Department of Urology, Inje University College of Medicine, Haeundae Paik Hospital, Busan, Korea.
BJU Int. 2014 Mar;113(3):408-15. doi: 10.1111/bju.12277. Epub 2013 Aug 13.
To evaluate serial changes in renal function by investigating various clinical factors after radical nephrectomy (RN).
The study population consisted of 2068 consecutive patients who were treated at multiple institutions by RN for renal cortical tumour without metastasis between 1999 and 2011. We measured the serial change in estimated glomerular filtration rate (eGFR) and clinical factors during a 60-month follow-up period. The changes in eGFR over time were analysed according to baseline eGFR (eGFR ≥60 and 15-59 mL/min/1.73m(2) ) using a linear mixed model. The independent prognostic value of various clinical factors on the increase in eGFR was ascertained by multivariate mixed regression model.
Overall, there was a subsequent restoration of renal function over the 60 months. The slope for the relationship between the eGFR and the time since RN was 0.082 (95% confidence interval [CI] 0.039-0.104; P < 0.001) and 0.053 (95% CI 0.006-0.100; P = 0.038) in each baseline group, indicating that each month after RN was associated with an increase in eGFR of 0.082 and 0.053 mL/min/1.73m(2) , respectively. When we analysed renal function based on various factors, postoperative eGFR of patients with diabetes mellitus, old age (≥70 years) or a preoperative eGFR of <30 mL/min/1.73 m(2) , was decreased or maintained at a certain level without any improvement in renal function. Preoperative predictors of an increase in eGFR after RN were young age, no DM, no hypertension, a preoperative eGFR of ≥30 mL/min/1.73m(2) and time after surgery (≥36 months).

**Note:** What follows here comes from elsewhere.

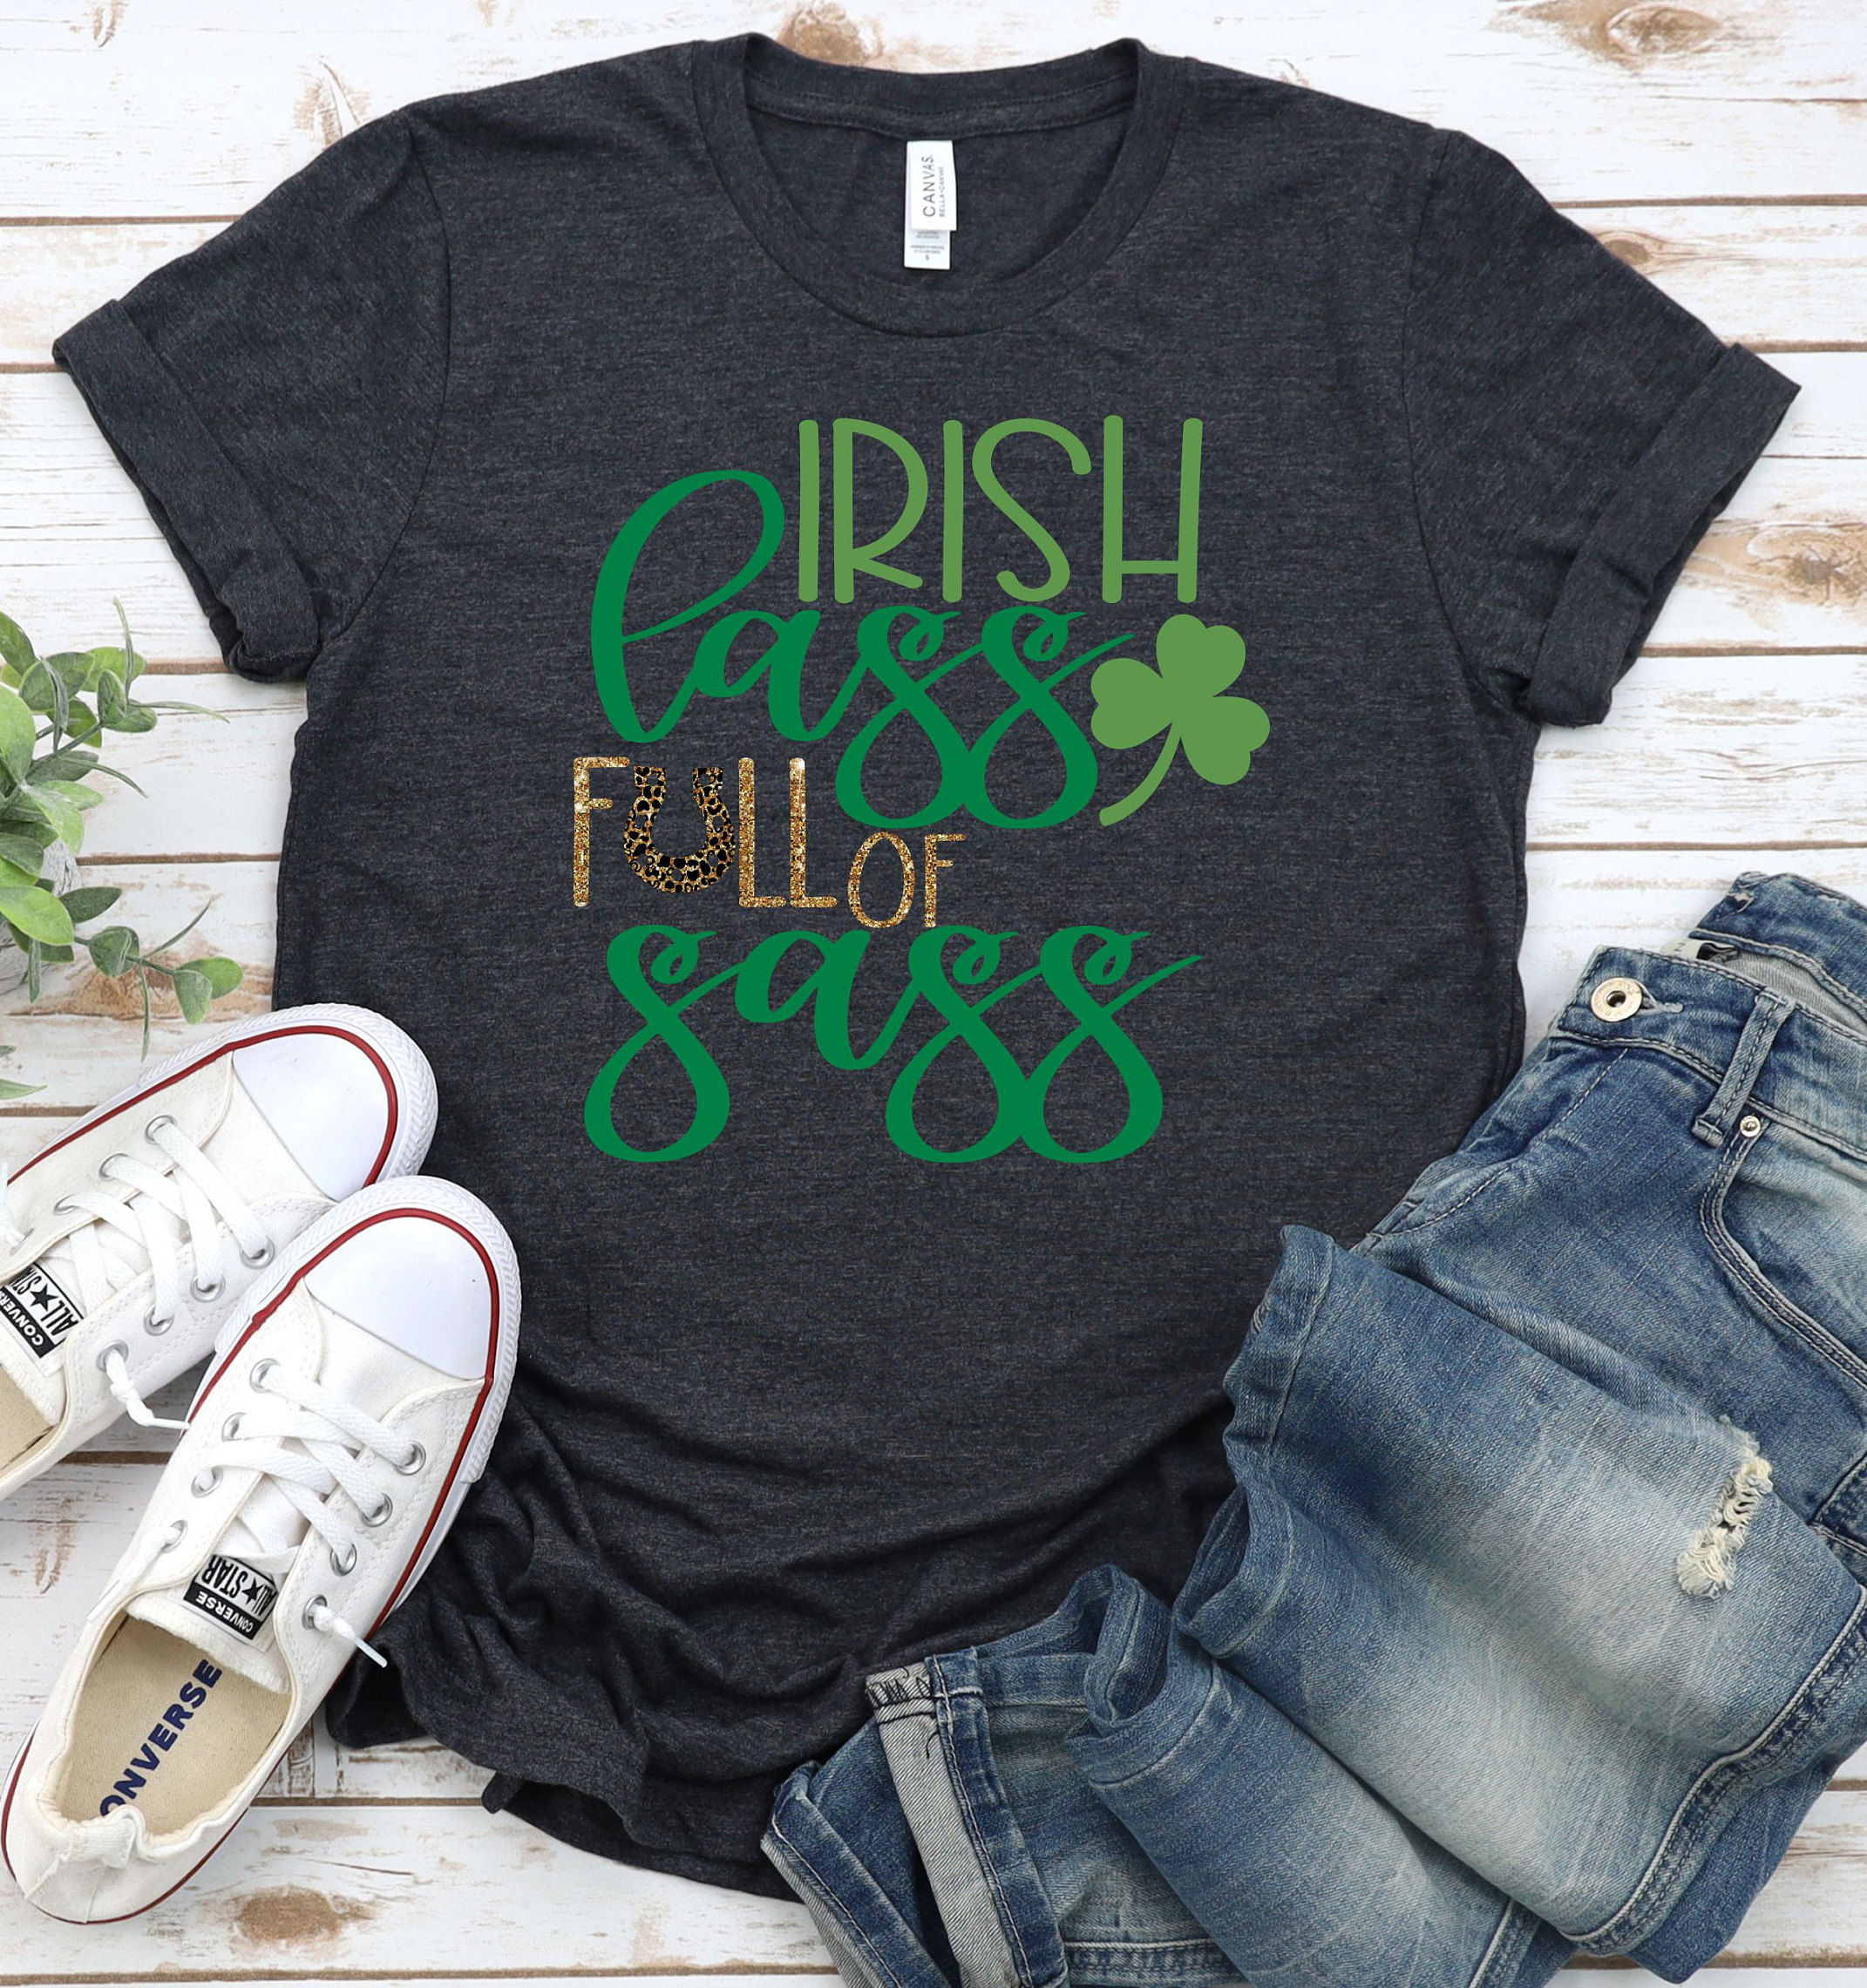 St-patricks-day-svg-irish-lass-full-of-sass-svg-irish-svg-shamrock-svg-st-patricks-day-svg-designst-patricks-day-cut-filecricut-svg-60513f41

Renal function recovered continuously during the 60-month follow-up period after RN. However, the trends in functional recovery change were different according to various clinical factors and such information should be discussed with patients when being counselled about their treatment for renal cell carcinoma (RCC).
通过研究根治性肾切除术(RN)后各种临床因素,评估肾功能的变化。
本研究纳入了 1999 年至 2011 年间在多家机构接受 RN 治疗无转移的肾皮质肿瘤的 2068 例连续患者。在 60 个月的随访期间,我们测量了估算肾小球滤过率(eGFR)的变化,并评估了各种临床因素。使用线性混合模型根据基线 eGFR(eGFR≥60 和 15-59 mL/min/1.73m²)分析了 eGFR 随时间的变化。使用多变量混合回归模型确定各种临床因素对 eGFR 增加的独立预后价值。
总体而言,60 个月后肾功能有一定程度的恢复。eGFR 与 RN 后时间之间的斜率分别为 0.082(95%置信区间 0.039-0.104;P<0.001)和 0.053(95%置信区间 0.006-0.100;P=0.038),这表明 RN 后每个月 eGFR 分别增加 0.082 和 0.053 mL/min/1.73m²。当我们根据各种因素分析肾功能时,患有糖尿病、年龄较大(≥70 岁)或术前 eGFR<30 mL/min/1.73 m²的患者术后 eGFR 降低或维持在一定水平,肾功能无改善。RN 后 eGFR 增加的术前预测因素为年轻、无 DM、无高血压、术前 eGFR≥30 mL/min/1.73m²和手术后时间(≥36 个月)。
RN 后 60 个月的随访期间,肾功能持续恢复。然而,根据各种临床因素,功能恢复的趋势变化不同,在为肾细胞癌(RCC)患者提供治疗建议时,应与患者讨论这些信息。